Another method, the K-means clustering algorithm, divides genes into k equal-sized groups where k is a number chosen by the user. 2
Self-organizing-maps (SOM) is a heuristic process 4 for grouping genes. For a set of genes sampled over n conditions, a grid of a times b centroids is set arbitrarily in n-dimensional expression space where a and b are values chosen by the user. Then, as a means to find representatives of a × b clusters, some of which may represent biologically relevant clusters, the algorithm shifts the centroids towards clusters of the data-points through an iterative process which attempts to minimize the sum of Euclidean distances between data points and nearby centroids.
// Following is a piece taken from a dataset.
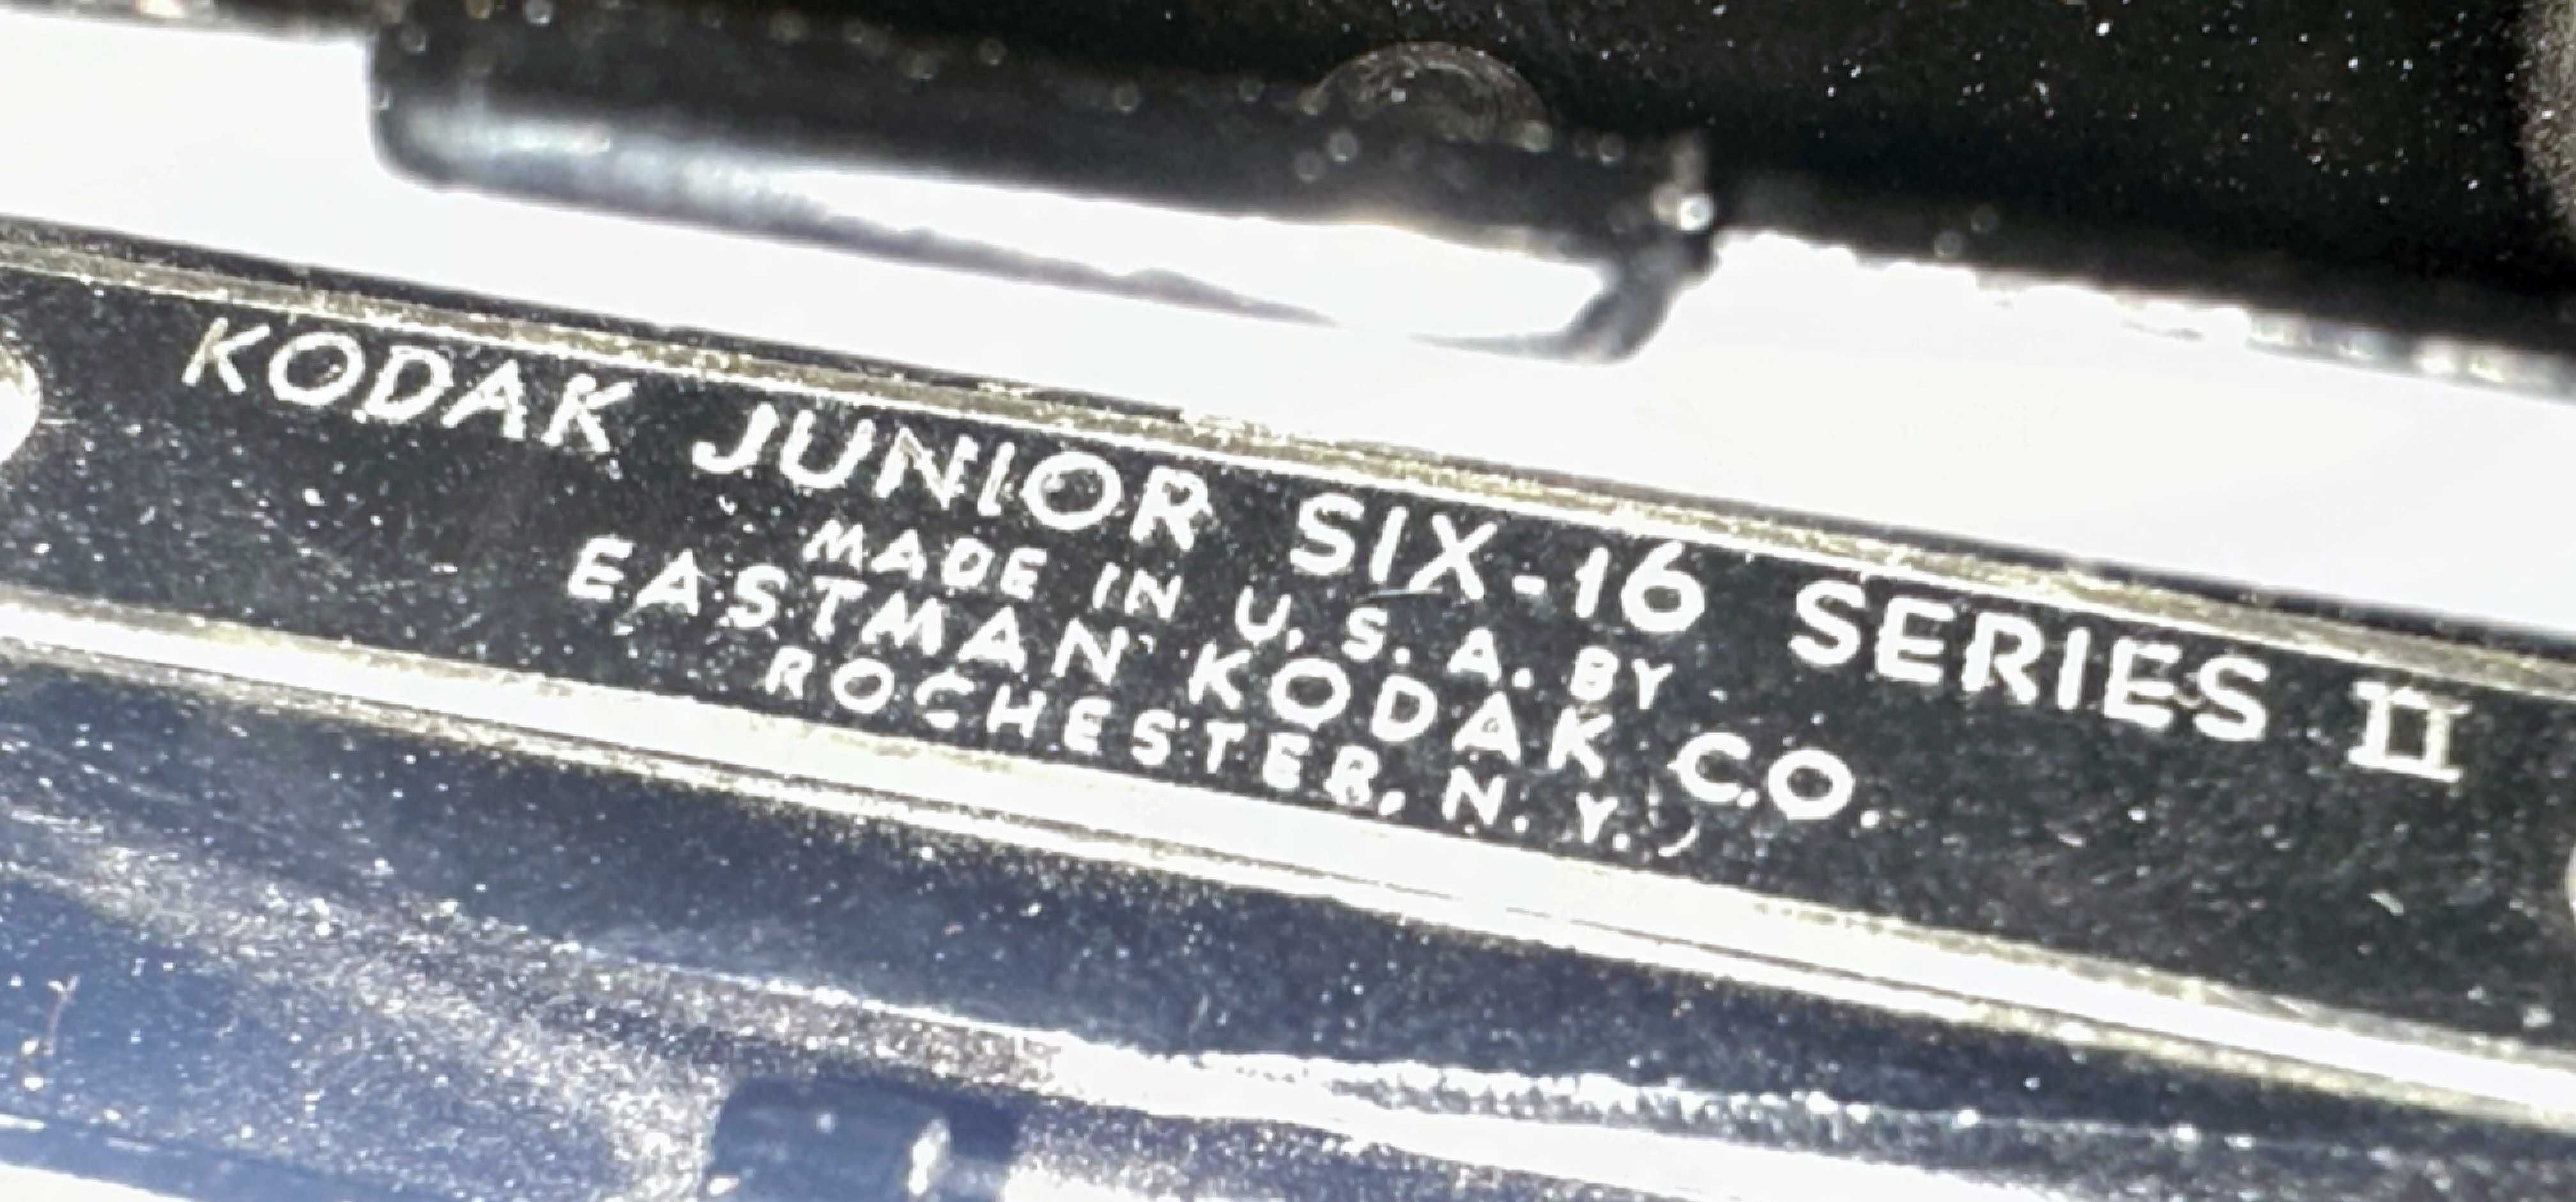 Kodak Junior Six-16 Series II

Principal Components Analysis is a means to represent the variation in expression data in n-dimensional expression space by generating a set of n orthogonal vectors. A first component vector is generated which accounts for as much of the variation in the data as possible. Subsequent vectors are generated to successively account for the variation remaining.
Pathway Analysis and Similarity Searching
While the above-mentioned pattern discovery methods attempt to group genes without additional information, existing information can and should be exploited to integrate the expression data with current knowledge. GeneSpring facilitates this through several features. Firstly, the GenBank identification number associated with genes can be used to update a list with annotations like keyword, common name and others imported from GenBank, LocusLink and UniGene. A second feature allows the user to make new gene lists based on these properties. Users can also generate their own gene lists based on function or other categorizations. Thirdly, GeneSpring incorporates automated cross-referencing such that whenever a new gene list is generated as the result of an analysis within GeneSpring (i.e. upregulated genes), all similar gene lists (p-value<0.05) existing in the Navigator folder are identified. GeneSpring reports the P-value, the probability that the new list and the similar gene list share common genes by chance based on the size of the two respective lists and the total number of genes on the array. This automated cross-referencing is also incorporated into hierarchical clustering wherein the node of each subtree is treated as a new gene list and into k-means clustering and SOM wherein each set is treated as a gene list.
One additional feature is worth mentioning. When in the Pathway Display format, the user can choose a position on the pathway and invoke the ‘Find genes which may fit here’ feature. For this, GeneSpring identifies genes not displayed on the pathway as candidates based on the similarity of their expression profiles to neighbors at the point selected on the two-dimensional image, versus more distant neighbors.
As the volume of data rapidly increases, data storage, data retrieval and higher-level data mining will drive the development of new bioinformatics tools. And this should allow even more knowledge to be gleaned from microarray analysis, further realizing the promise from the most exciting current means of probing biological systems.